刚才那一瞬,他毫不怀疑,只要自己敢动一下,此刻已经是一具尸体了!
“蒲长老,还请海涵。”秦政温和的声音缓缓响起,他脸上带着恰到好处的歉意笑容,“这孩子被宠坏了,行事莽撞,失了礼数,朕代他向长老赔个不是。”
蒲星子捋了捋雪白的长须,脸上那抹温和重新浮现,看向王世晏的目光带着一丝深意“无妨。年轻人,血气方刚,切磋较量,在所难免。是个好苗子。”
他顿了顿,目光投向苏泽离去的方向,眼底深处闪过一丝难以捉摸的光芒,最终只是轻轻摇了摇头,没有再说下去。
随后,殿内几人收敛心神,开始商议接下来的巡查事宜。
待一切议定,蒲星子便带着依旧有些失魂落魄,面色苍白的王世晏,在侍者的引领下,向着皇宫更幽深的殿宇走去。
王世晏紧抿着嘴唇,指尖深深掐进掌心,一路沉默寡言,跟在浦星子身后。回到了洞府中。幽暗的角落里几颗嵌在石壁的萤石发出微弱荧光,映照着他失魂落魄的身影和绷紧的侧脸。

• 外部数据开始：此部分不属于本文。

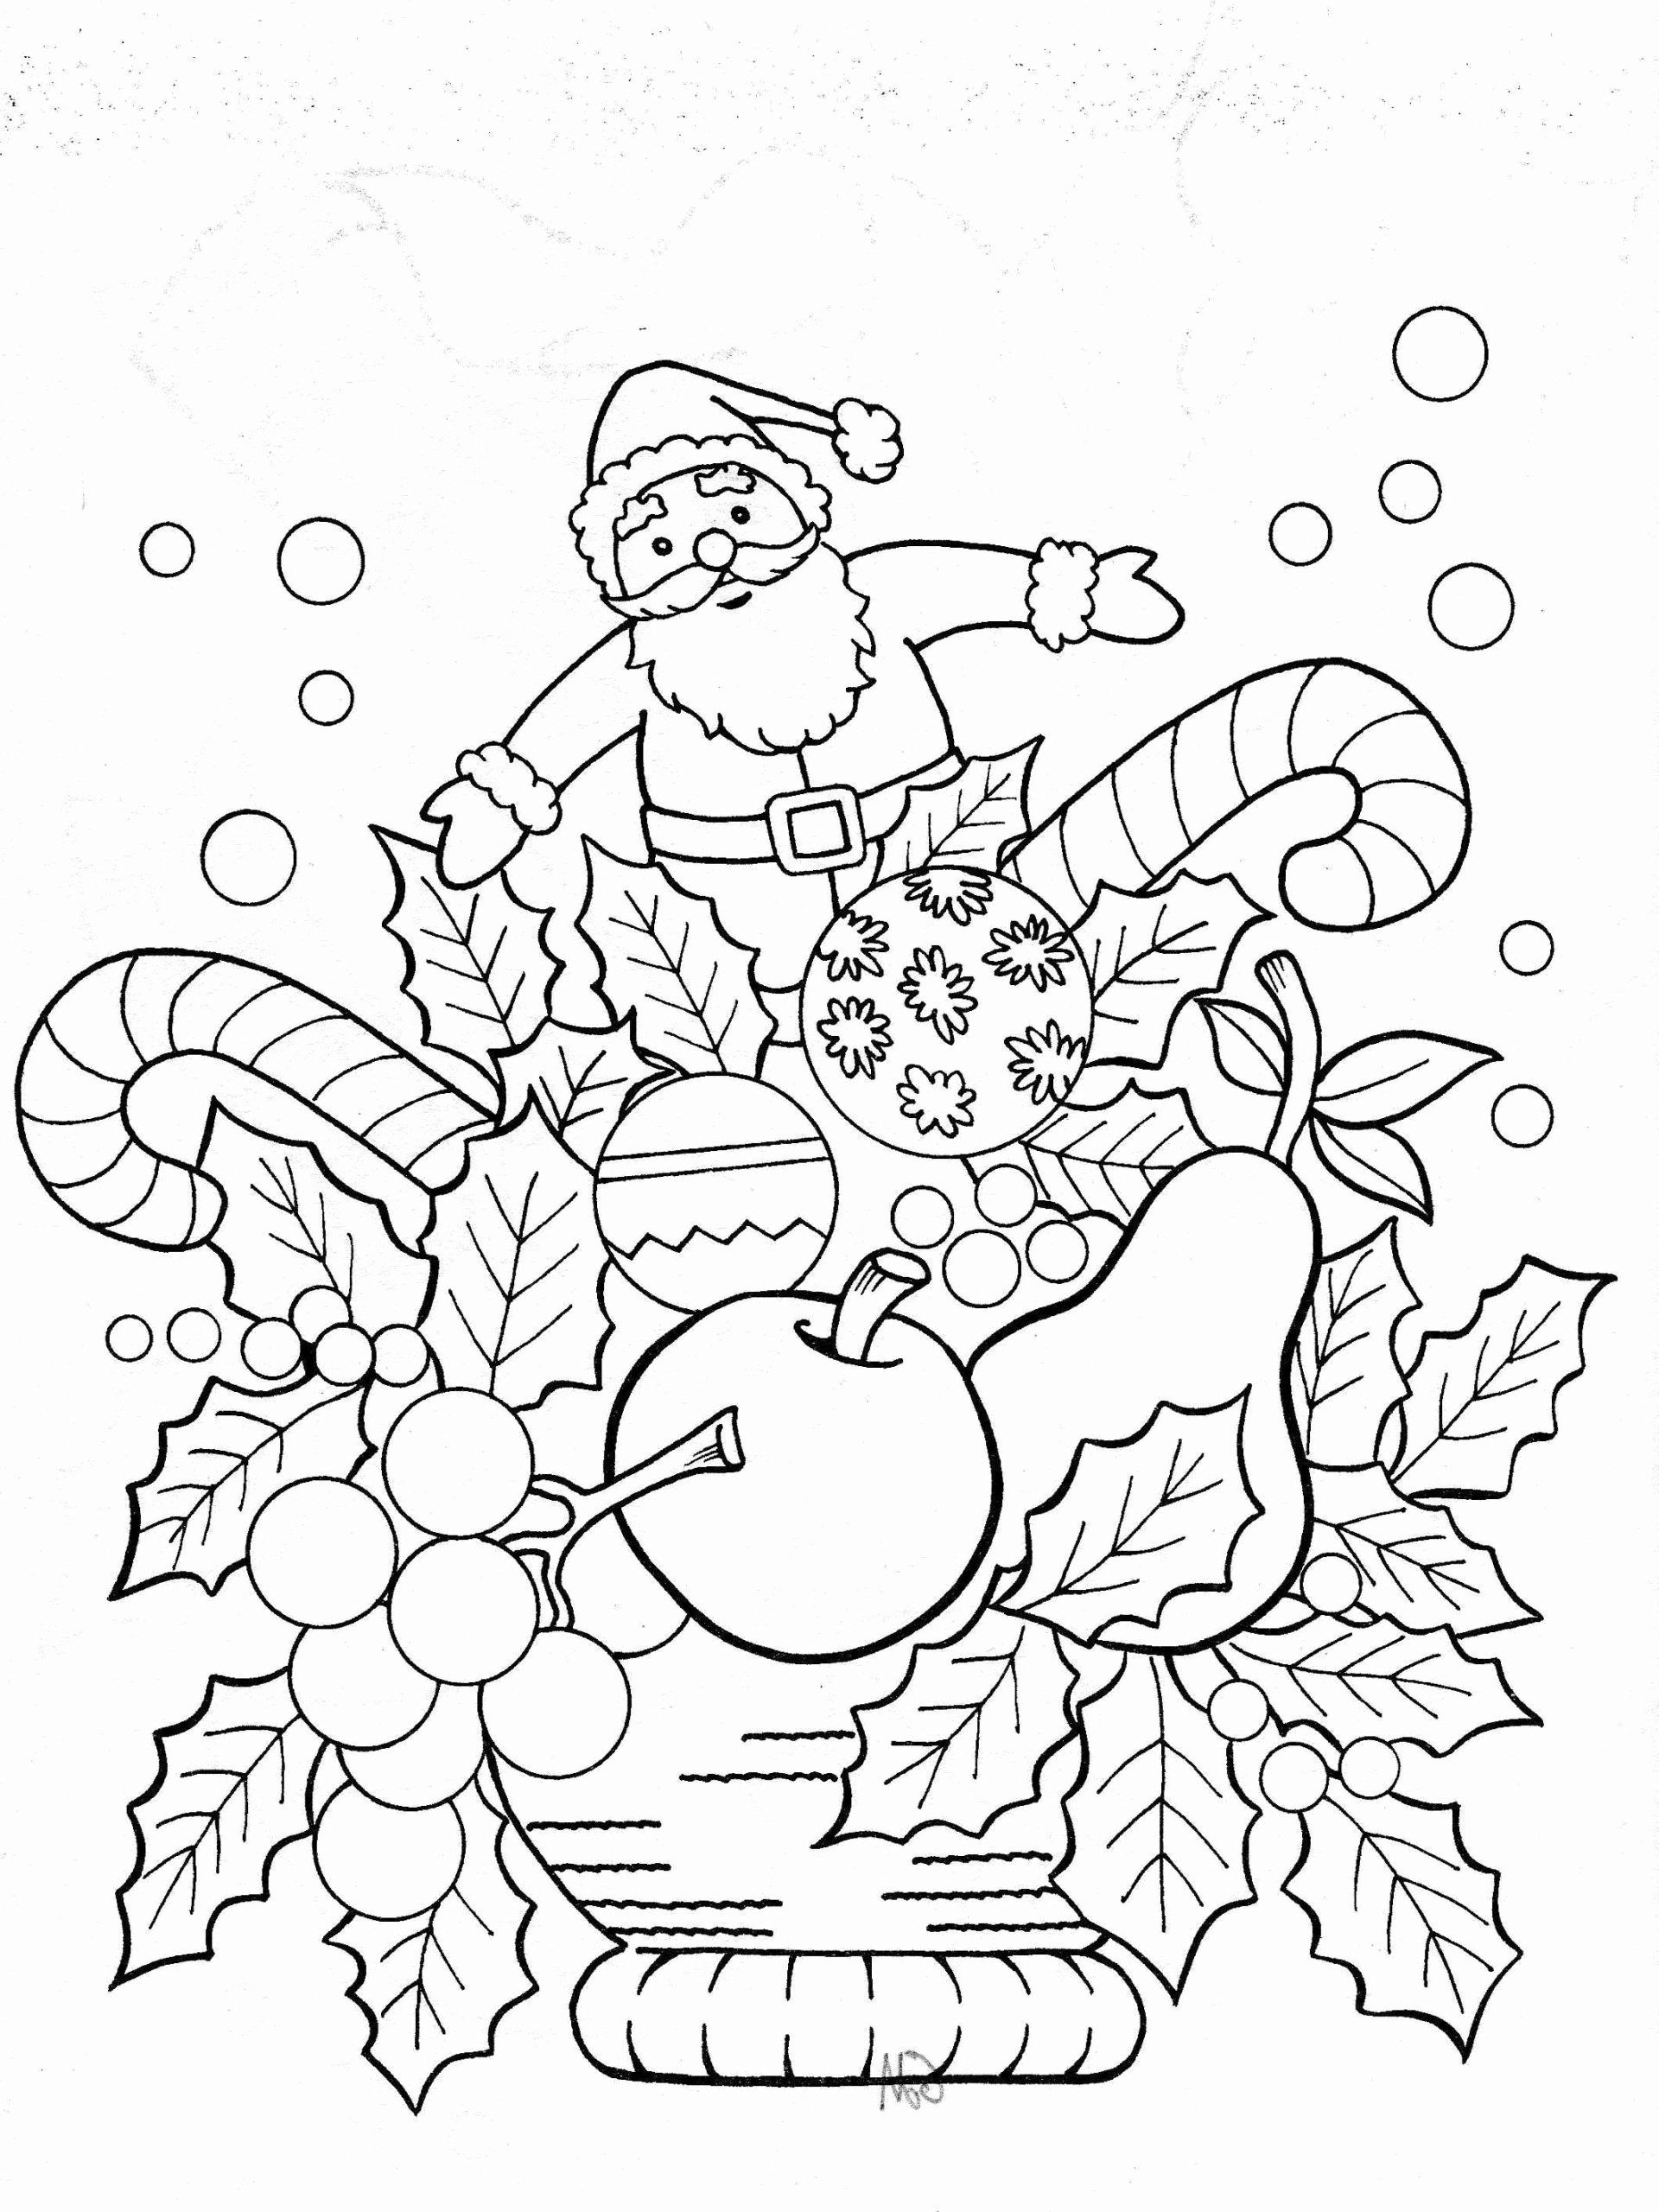 24 Marvelous Image Of Stocking Coloring Page Davemelillo Com Christmas Coloring Sheets Printable Christmas Stocking Christmas Stocking Template

蒲星子并未多言,他轻轻一叹,枯瘦的指尖于虚空中轻轻一点,淡青色的光晕无声凝聚,宛如清晨沾着露水的嫩叶。光晕轻飘飘落下,没入王世晏天灵。
“嗯……”
一声压抑的闷哼,王世晏浑身一颤,僵硬的身体缓慢放松,眼神中的灰败如潮水般退去,重新聚焦,恢复了清明。他抬头,正对上浦星子慈和的目光。那张年轻俊朗的脸庞上,嘴角艰难地牵扯出一个笑容,随即抱拳深深一躬“师…师祖,我…没事。”
蒲星子粗糙的手掌抚上少年低垂的头,动作轻柔,声音似温热的灵泉。
“感觉如何?”。
王世晏的身体再次僵硬,他沉默了许久。才开口道“很强…强得离谱。他的元气波动看似只在固元,但刚才那一瞬,给我感觉比面对真正的化婴还要恐怖,其实力与大哥在伯仲之间,甚至…可能更强!”
蒲星子捋着雪白的胡须,目光如古井深潭,波澜不惊。“晏儿,你自踏入道途,顺风顺水,傲气深植骨髓。今日之败,于你而言,是苦药,也是机缘。”